There have been occasional rifts on the disputed site, primarily on days when the Hindu festival of Basant Panchami, the festival of love, falls on the day of Jum’a(Friday), an auspicious day for the Muslims. Both wished to offer their prayers, but neither wished to conjoin their blessings or even regulate them the very least.
Basant Panchami in 2006 ended up in a riot. The festival of love, this time, had turned out to be ugly. Hindus protested outside the temple all day long. Muslims were denied entry into the sacred place and weren’t allowed to spend even two hours in Salah. The day challenged India’s principle of secularism, marked a tough hour in the history of Dhar.
Eleven people were arrested, the police and military officials were crawling over the streets like vultures hunting their next target. The harmonious religious center turned into a fortress of barricades in a day.
But it wasn't all in vain. A lesson was learnt that day. The community perhaps realized that they had in fact, for the past decades, been unknowingly sharing this very place. The Muslims bowed down in prayer on the same podium where the Hindus recited their prayers. It was a battle of imposing superiority and not reason.
Seven years later, when a similar fortuity in the calendar occurred, their participation was mature, a much-needed transformation. The Hindus prayed silently outside the monument for the hours the Muslims offered their prayers and then were led to the terrace and allowed to celebrate the Goddess Saraswati with splendor in the very same place.
It wasn’t all easy, wasn’t all perfect either, but Bhojshala was successfully able to serve the purpose it was built for, teaching. It may not have produced scholars of science or literature, but it connected two vastly opposing masses on days. It taught them to preach the love they talk about in this sacred place. Bhojshala has grown with them, it has taught them to weave a net out of the rope instead of playing tug of war with it.
“You were never blatantly told about the things you weren’t allowed to say. So you spoke when people bit their tongues and swallowed their words. You were spoken to less often then, but every place you went to still seemed to have too much to say.”
Caste and gender are the two fundamental axes of social inequality in India. Our chosen places are still talked about in hushed whispers or given looks of disdain by some, but the impact they leave outdoes the cowardice of the meek minded. They cater vastly different subjects and vary vastly in size and appearance too. But they both target to break down the barriers of inequality and injustice in our minds, offer a ray of hope for a warm, humane and secular state.
We began writing this essay with a greed of expanding our knowledge of writing, spaces and of course our chosen course of study, architecture. But these places taught us more than we could ask for. Travelling with a purpose added a whole new dimension to our mind, entering colonies and crossing streets to question the locales filled us with zeal and brazenness, spending hours on places we merely passed by developed a peculiar fondness for the spaces.
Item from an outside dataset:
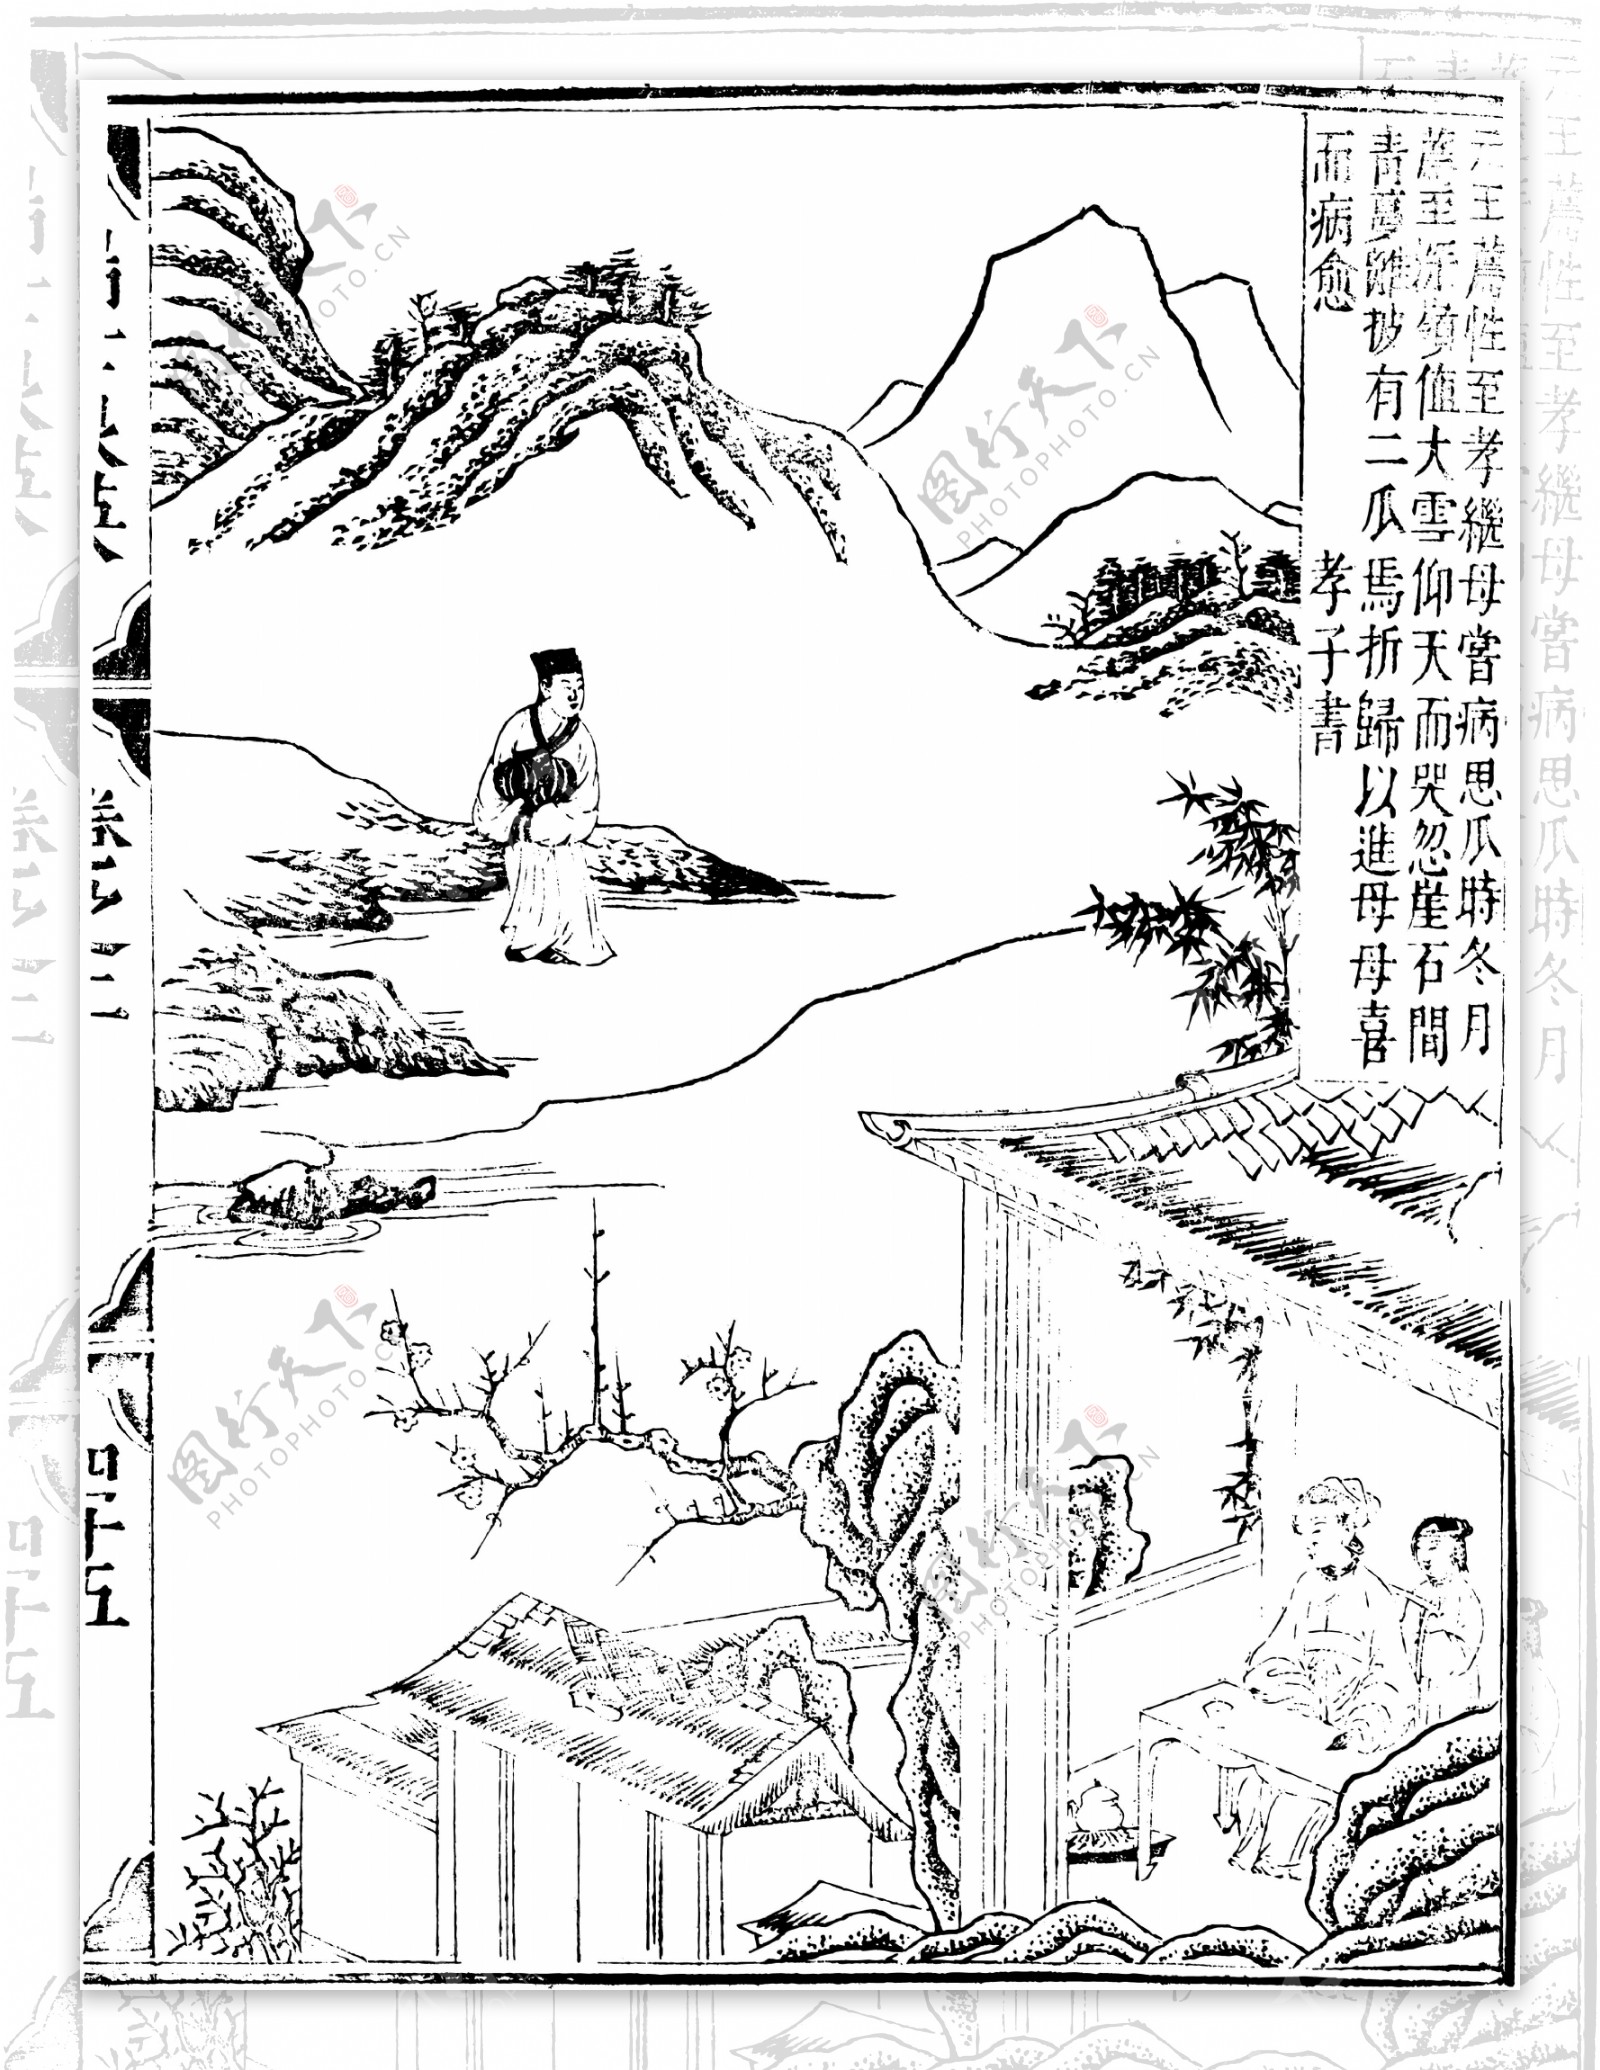 瑞世良英木刻版画中国传统文化19

The initiation of the transgender toilet taught us the importance of small gestures, the unifying spirit of Bhojshala taught us that we’re one among many and we all belong together. As future architects we hope to design likewise spaces, to construct not just awe-striking buildings but affection-inducing public arenas. After all, it's not the tall, beautiful buildings that are written down in history as architectural landmarks but the questionable, intriguing premises that bring about large movements in humanity.
“You're Basharat Mandal, the son of a Muslim mother brought up by a Hindu guardian. Identity crisis has run in your veins just as long as your blood has, but you feel hope bubbling down in the pit of your stomach. The hope of getting rid of the crisis before blood leaves your system.”